Каролина Отеро отправилась на вокзал одна со своим картонным чемоданом, потому что ее тело уже не интересовало никого в доме: я разрывался, как можно догадаться, между Марией Луисой и козой Пенелопой, а монахиня Мария Эухения устала от своей подруги. Я видел, как она уходит в дождь (который словно предвосхищал типичную галисийскую погоду), пешком, с солдатским чемоданом, как какая-нибудь уволенная служанка, а не эротический символ Европы.
Я бы многому мог научиться у Прекрасной Отеро, но монахиня Мария Эухения отняла ее у меня, и я подозреваю, что знаменитая Каролина была немного влюблена в нее, а может быть, даже и очень.
С тех пор как я прочел Бодлера, любовь между женщинами интересовала меня всегда, в отличие от любви между мужчинами, к которой я никогда никакого интереса не питал. Тетушка Альгадефина с приходом революции мгновенно вылечилась от чахотки, каждый день ходила на работу к Асанье, занималась политикой и делами Республики и перестала служить мне благословенным приютом моего детства и отрочества.

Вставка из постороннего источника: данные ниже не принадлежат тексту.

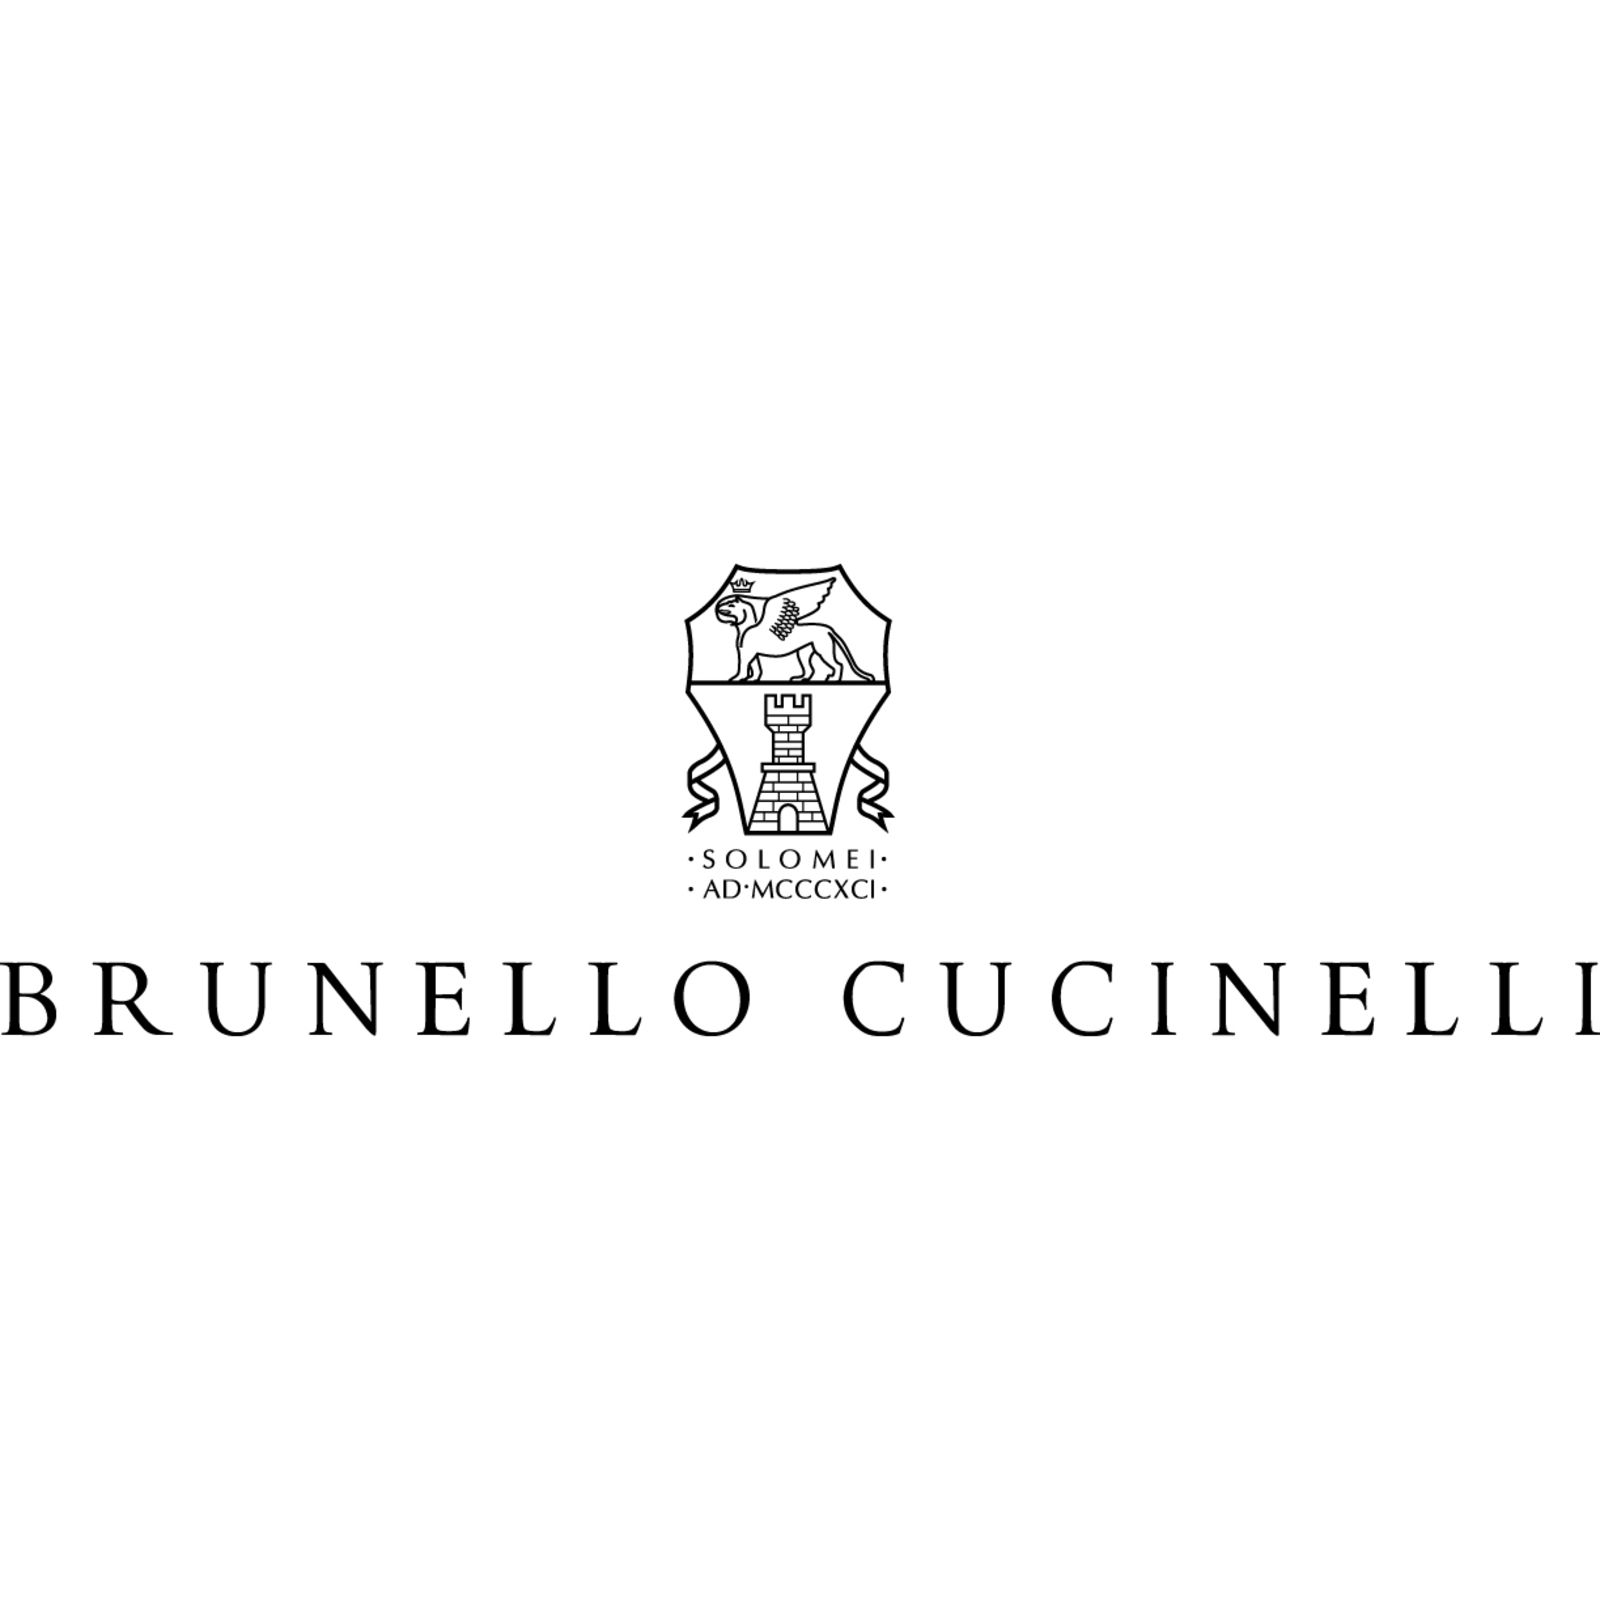 BRUNELLO CUCINELLI (Image 1)

Гражданская война медленно надвигалась, и это иннервировало (а вовсе не нервировало) тетушку Альгадефину, необычайно активно помогавшую Асанье (что вызывало у меня чувство ревности), у нее со щек даже исчез ее обычный по вечерам болезненный румянец.
Я сказал об этом маме:
— Тетушка Альгадефина живет исключительно для Асаньи и для Республики.
И мама, спокойная, как сама вечность (и несомненно понимающая мою тайную ревность), ответила:
— Оставь ее. Болезни лечатся только страстью, и лучше пусть она сгорит на работе, чем от чахотки под магнолией.
В Испании уже были синие и красные, и кажется, мы относились к красным, потому что именно среди красных обретались правые, забывшие дорогу к мессе. Красные с положением и деньгами, не сторонники фалангистов и не коммунисты, мы рисковали со всех сторон.
Однажды пришли фалангисты и обыскали весь дом. На другой день пришли коммунисты и обыскали уже обысканное. Без сомнения, наша семья (а все еще помнили дона Мартина) с непонятной политической ориентацией приводила всех в замешательство.
В конце концов нас оставили в покое.
После смерти прадеда дедушка Кайо и бабушка Элоиса в свою очередь решили умереть, пожелав, чтобы их похоронили рядом с прадедом.
Первым умер дон Кайо, в компрессах, в одышке, полный молчаливого смирения. Следом умерла бабушка Элоиса, в молитвах и с распятием в руках. Похороны, понятное дело, были не такие пышные, как у дона Мартина, но на погребение дедушки Кайо явились все налоговые чиновники Мадрида, молодые и старые, пенсионеры и стажеры, веселые и грустные, потому что дедушка Кайо, с его четками и Фомой Кемпийским, был великим либерализатором налогов в Испании, налоговые чиновники относились к нему с большим почтением, и его фотография висела на всех таможенных постах страны.
Я стал пренебрегать козой Пенелопой, все мои силы уходили на визиты к Марии Луисе по средам и пятницам, по тем же дням, в какие ходил к ней прадед. Перед войной (теперь-то я могу так сказать) Мадрид, мой Мадрид, практически превратился в зону красных, вся же остальная Испания была скорее зоной националистов. Однажды мать сказала:
— Надо уезжать в наше леонское поместье, там поспокойней.
— Но папа похоронен здесь, и погиб он за Галана и Гарсиа Эрнандеса.
— Раз такое дело, поступай, как знаешь.
И я остался в Мадриде, среди красных.
Дельмирину, пусть некрасивую, но очень добрую, схватили на улице ополченцы и хотели расстрелять.
— Ты переодетая монахиня.
— Я работаю в «Уньон и Феникс»[106], можете там справиться.
— Не ври, монашка. Ты просто переоделась.